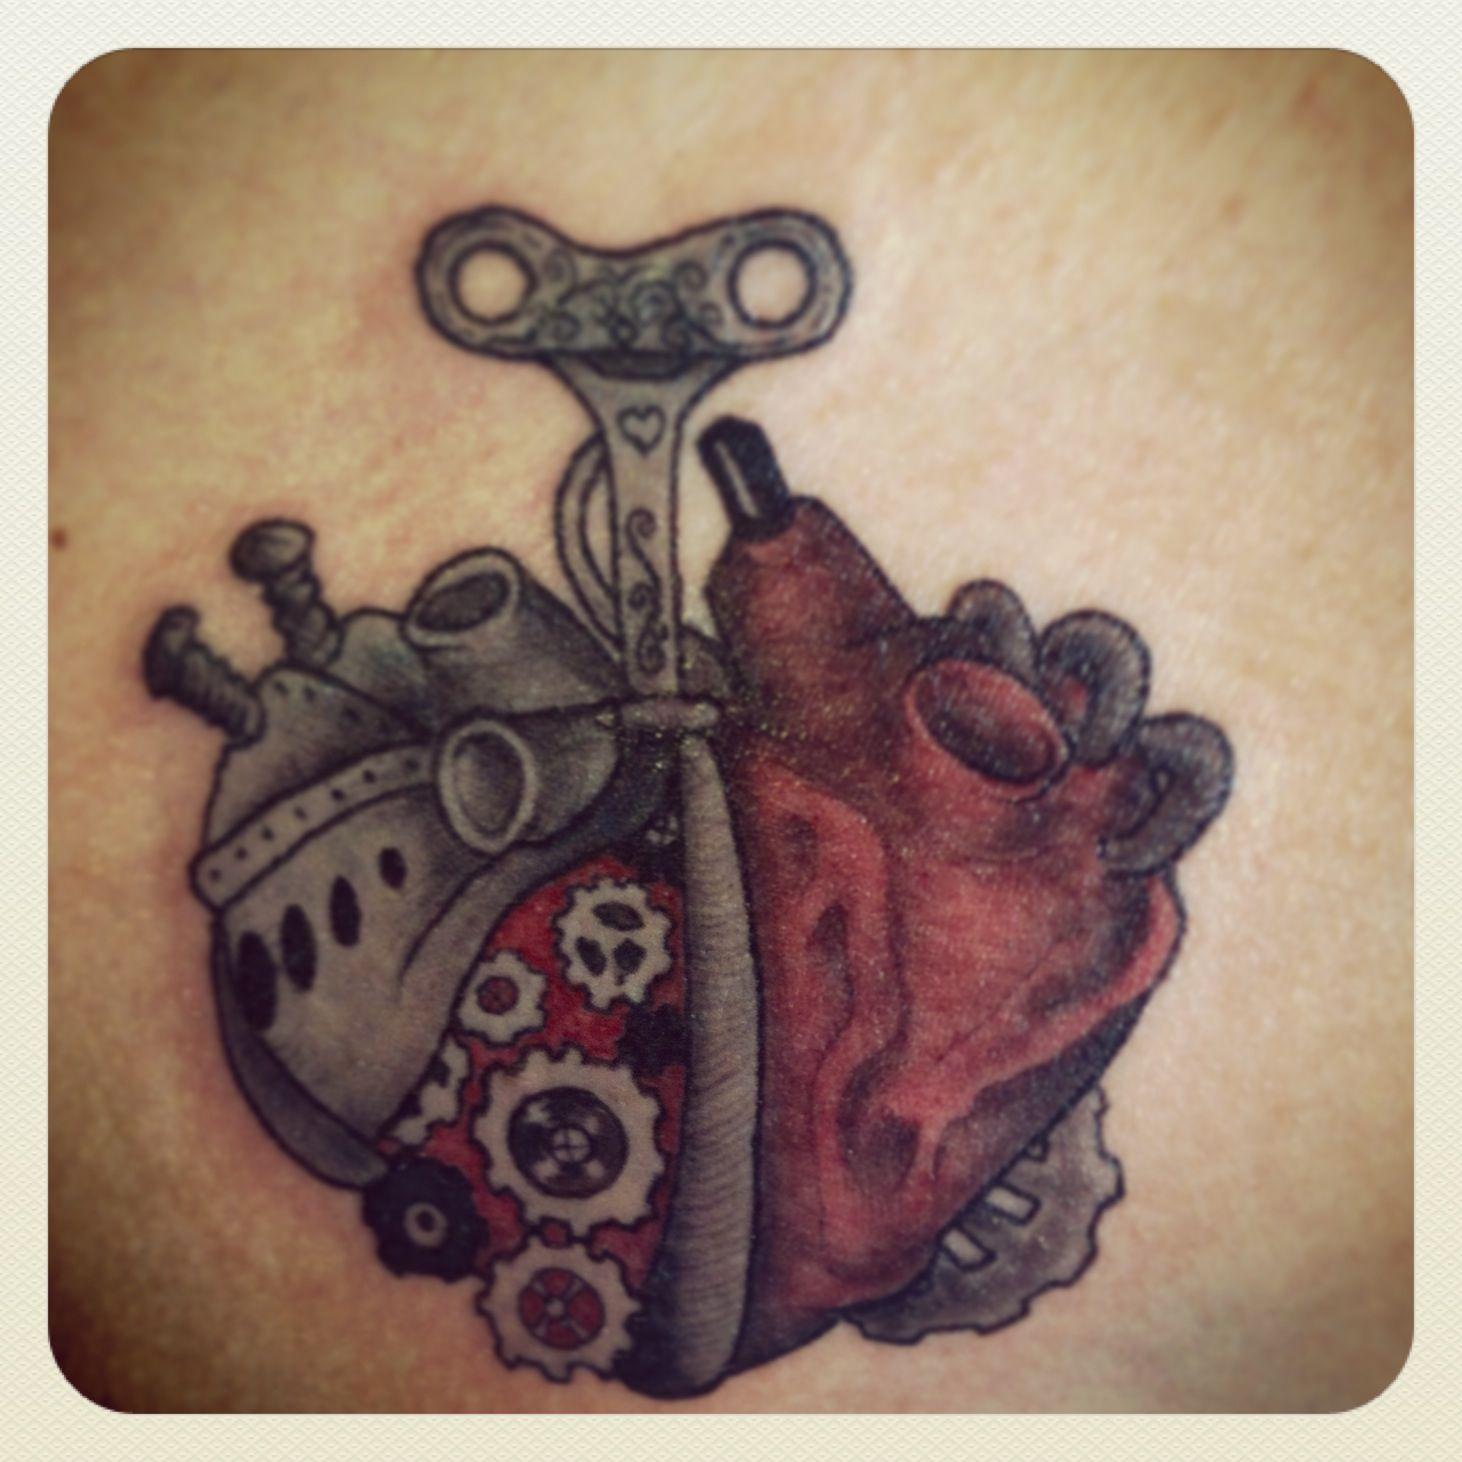 Bio Mechanical Heart Tattoo Steampunk Style Tattoo Bio Mech Mechanical Steampunk Tattoos Heart Tattoo Steampunk Heart Heart Tattoo Designs
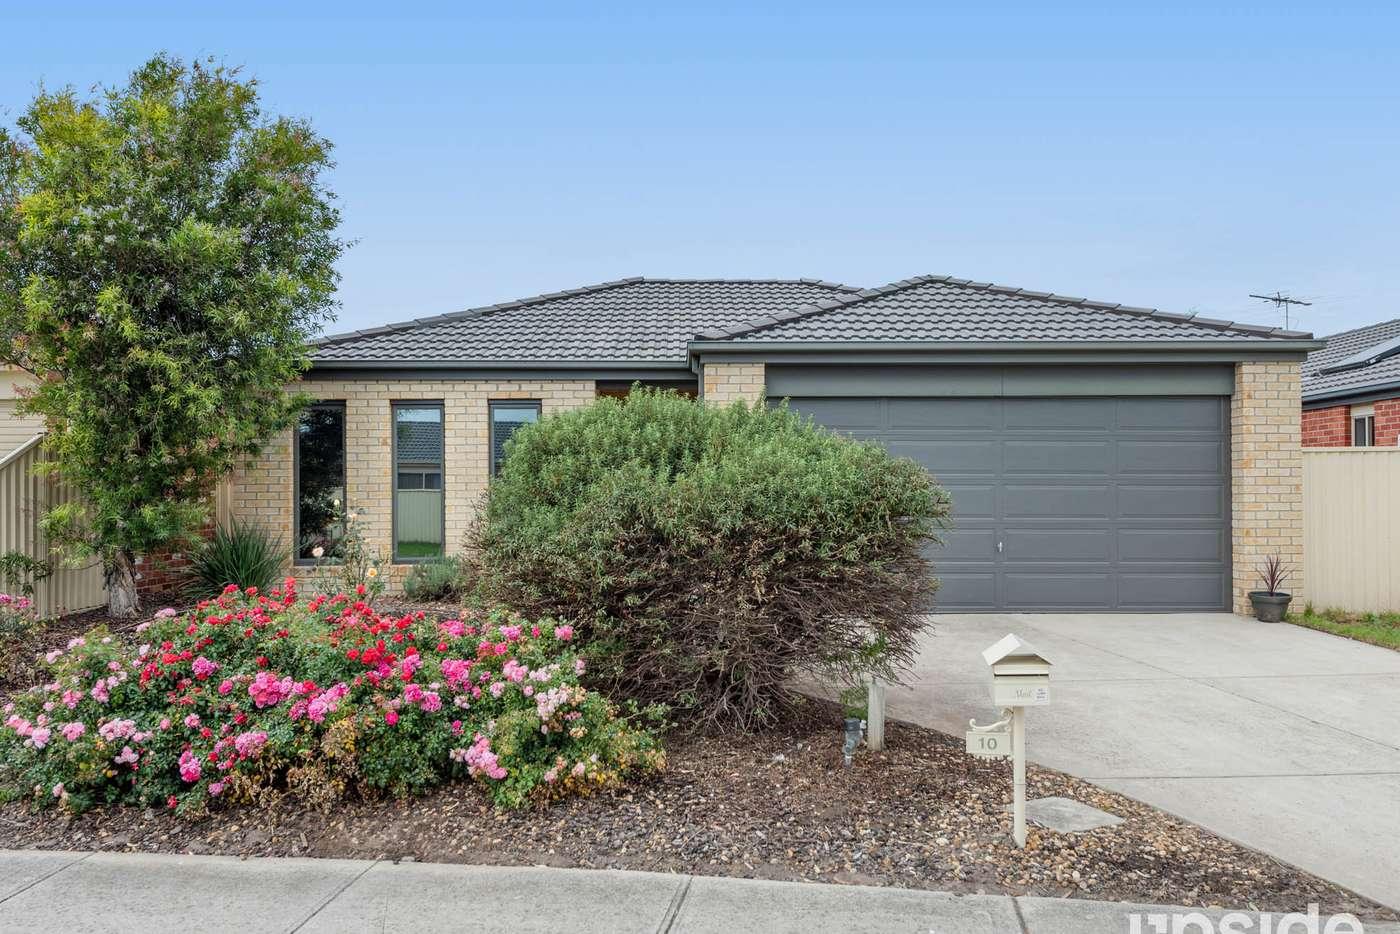 Main view of Homely house listing, 10 Nepeta Way, Pakenham VIC 3810
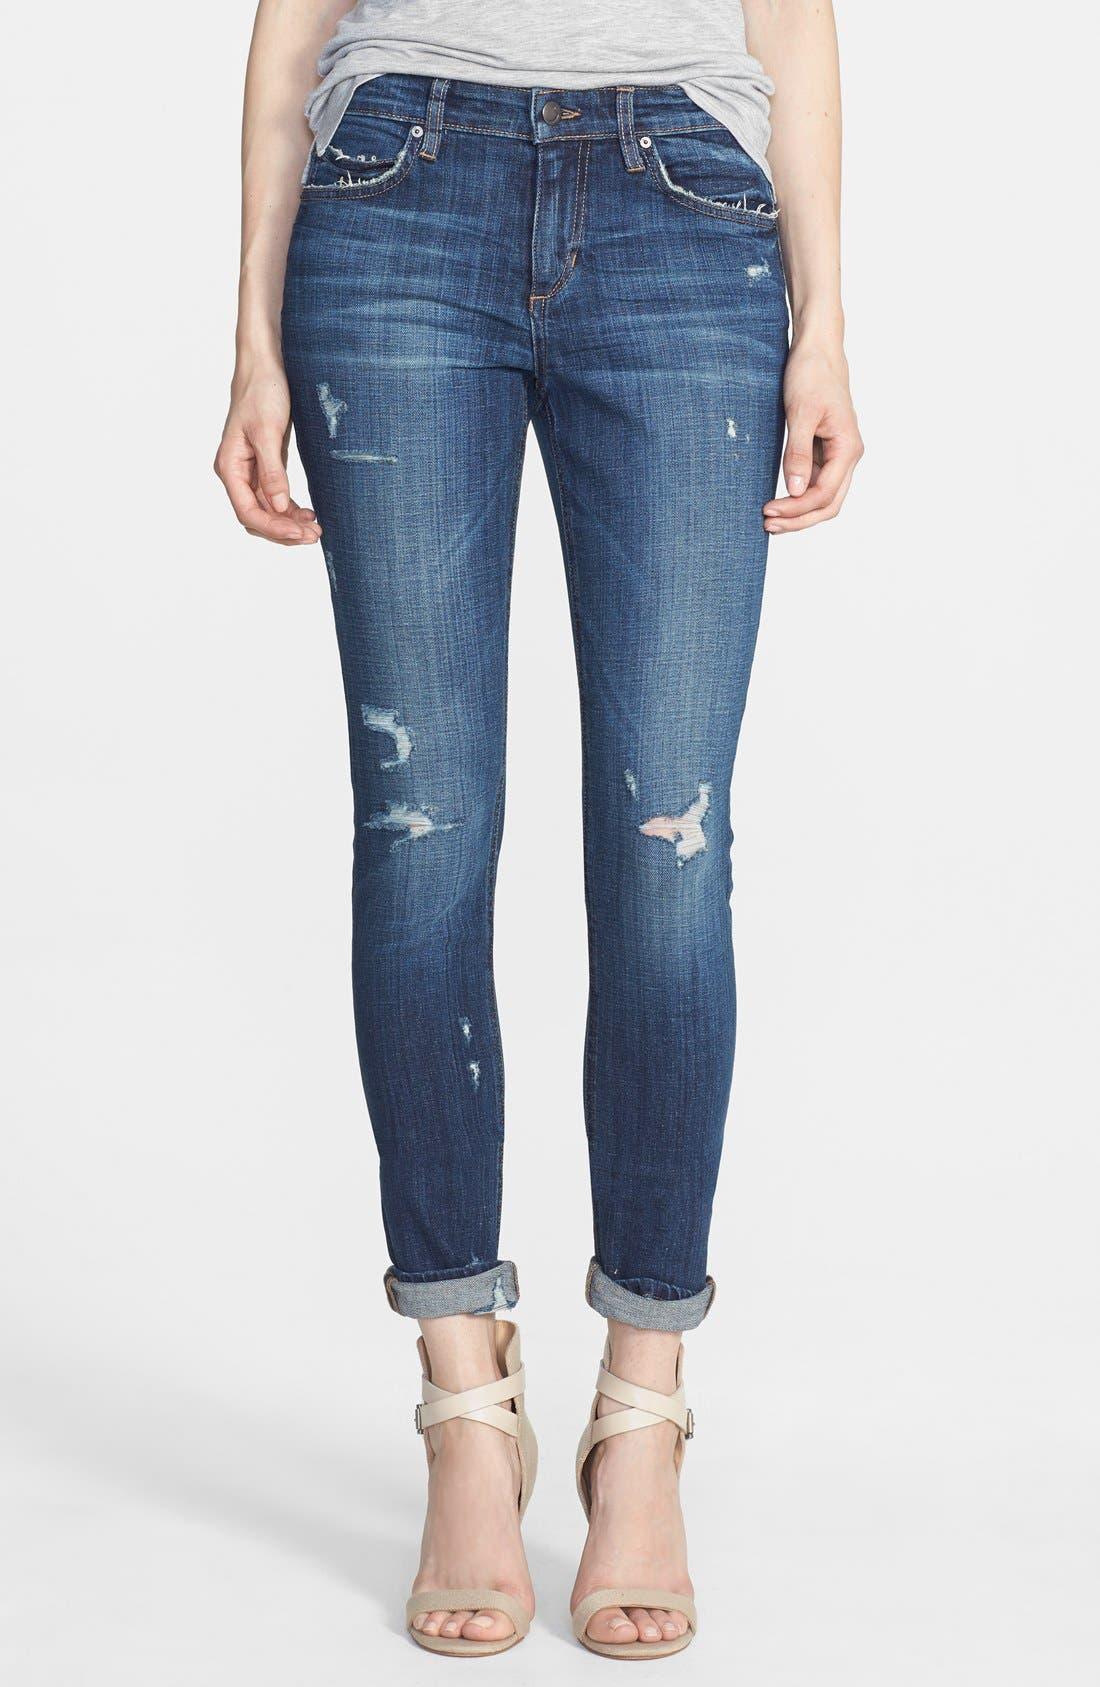 Alternate Image 1 Selected - Joe's Distressed Relaxed Slim Jeans (Riri)
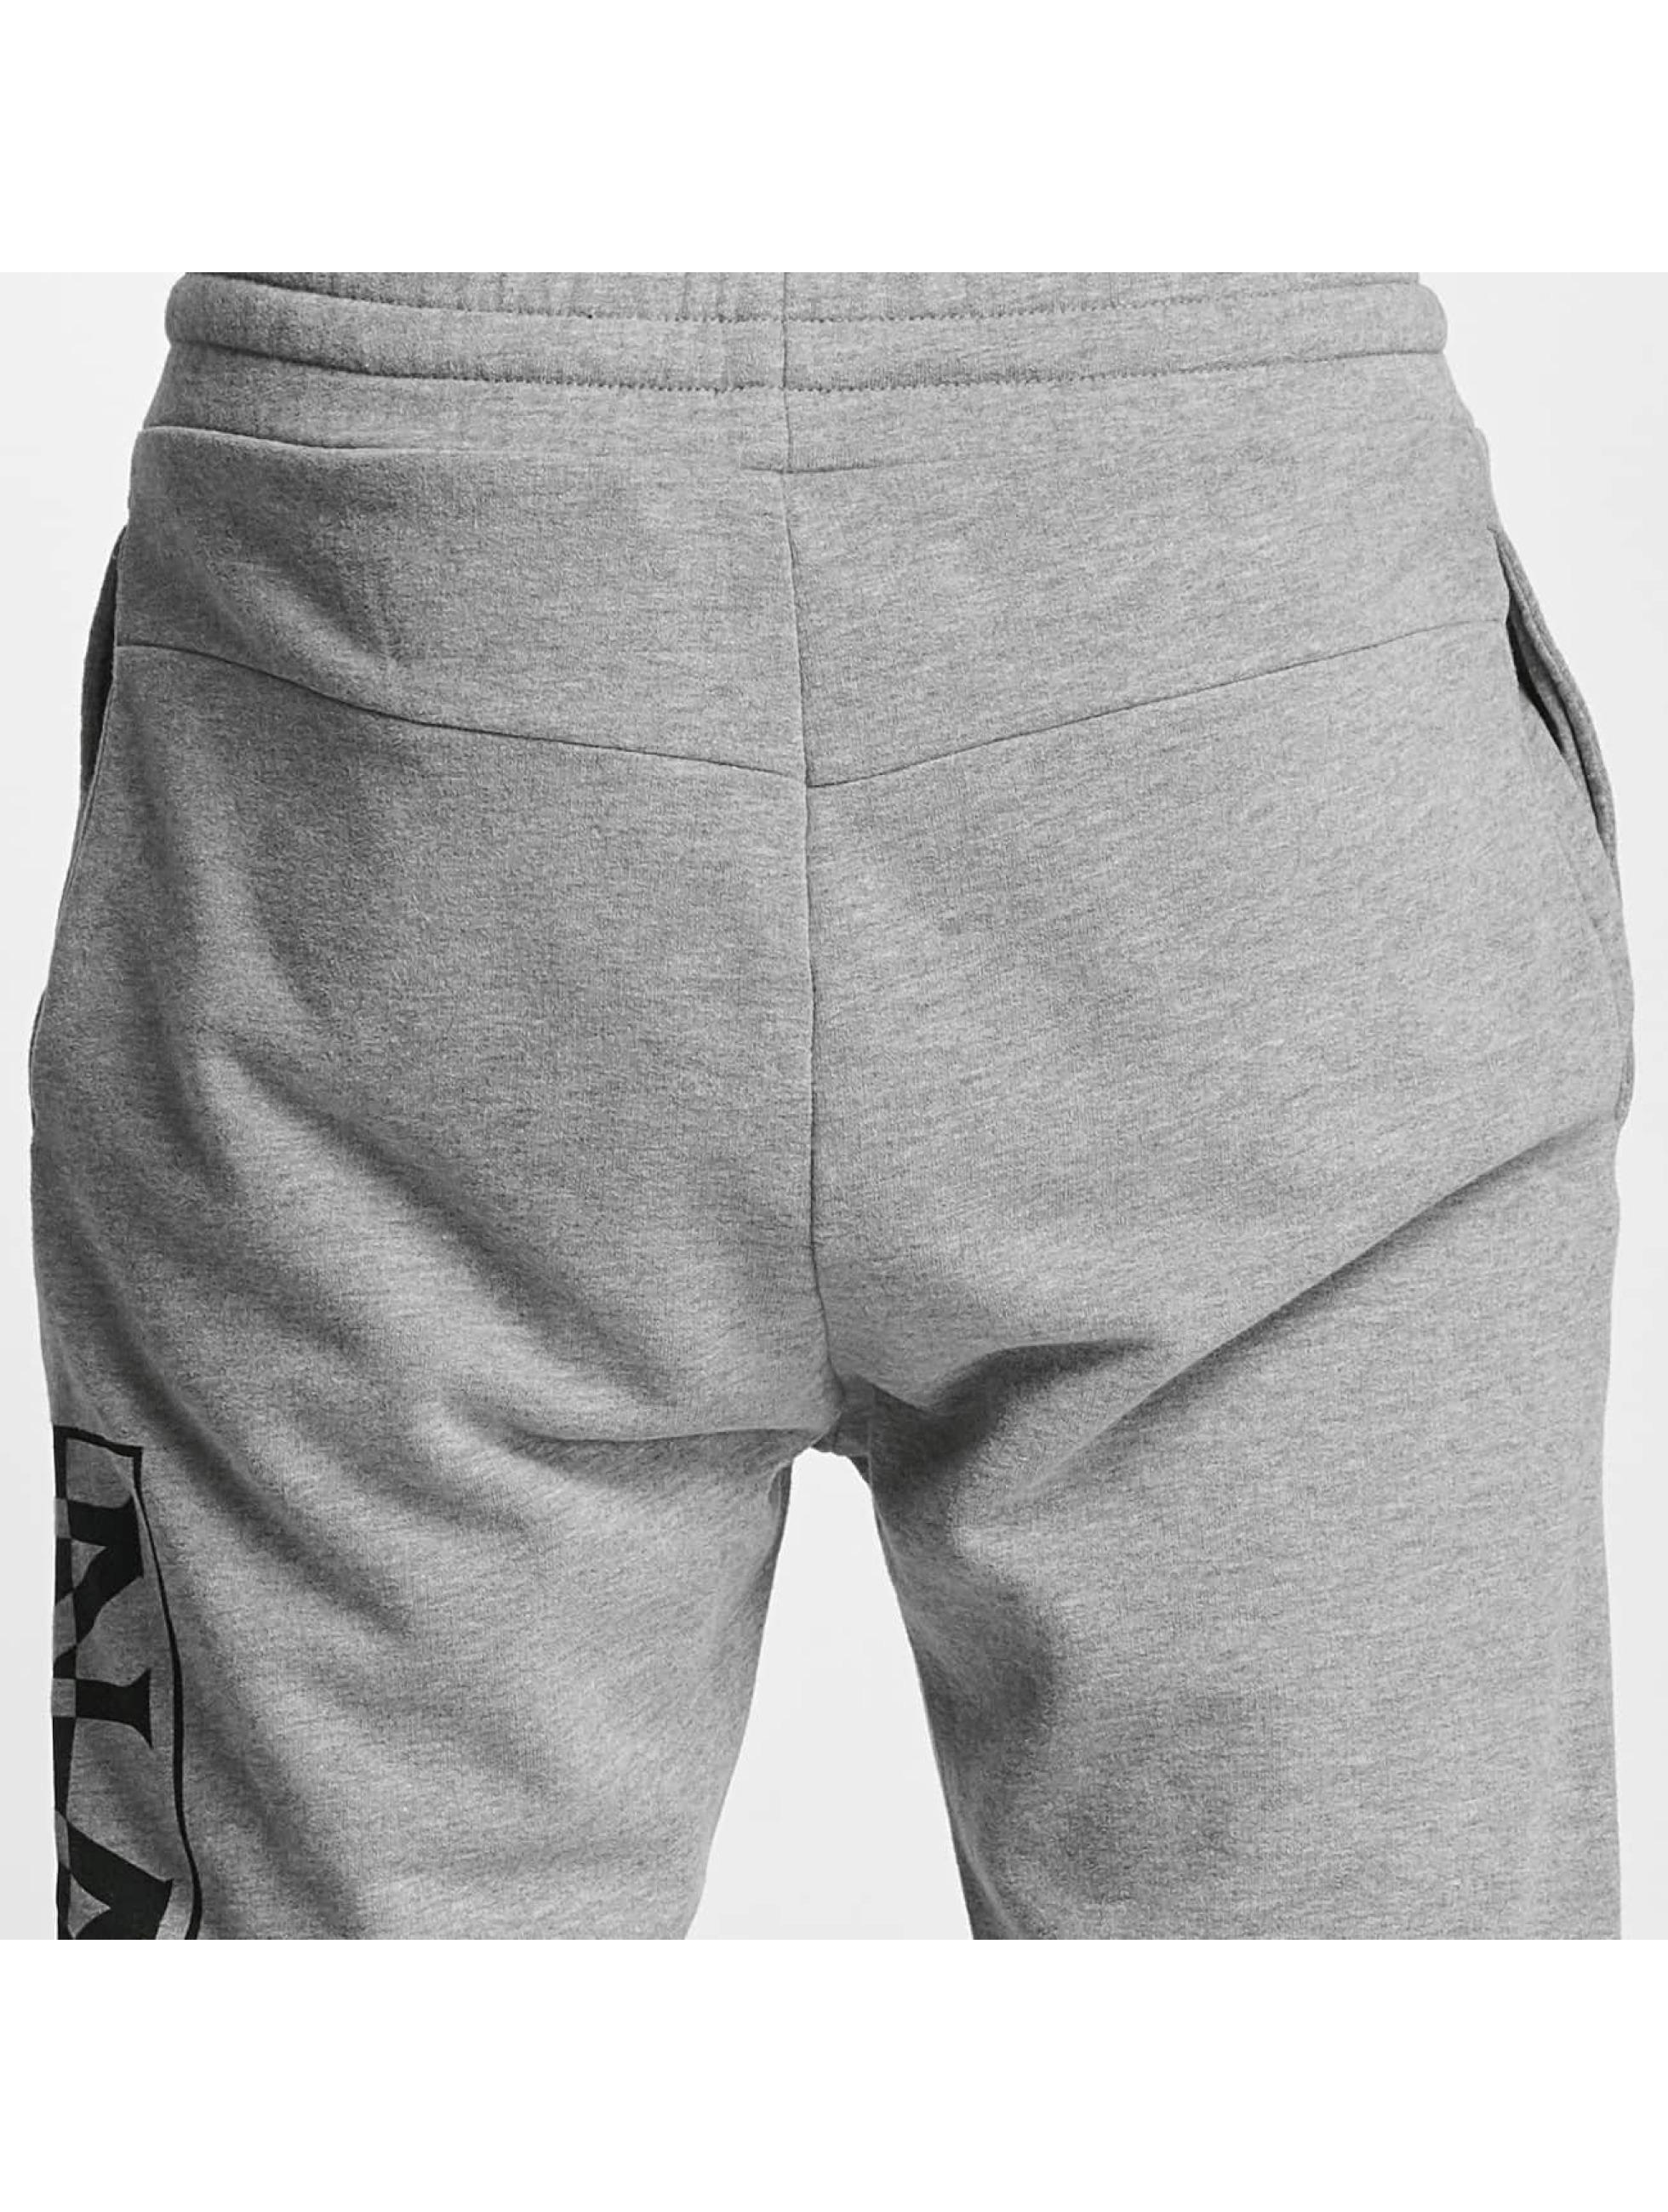 Napapijri Spodnie do joggingu Maget szary

Exercise
From the line that contains "Alternate Image 1" to the last line of the data, print each line exactly, both ends included, and omit the pictures.

Task solution
 Alternate Image 1 Selected - Joe's Distressed Relaxed Slim Jeans (Riri)
 Napapijri Spodnie do joggingu Maget szary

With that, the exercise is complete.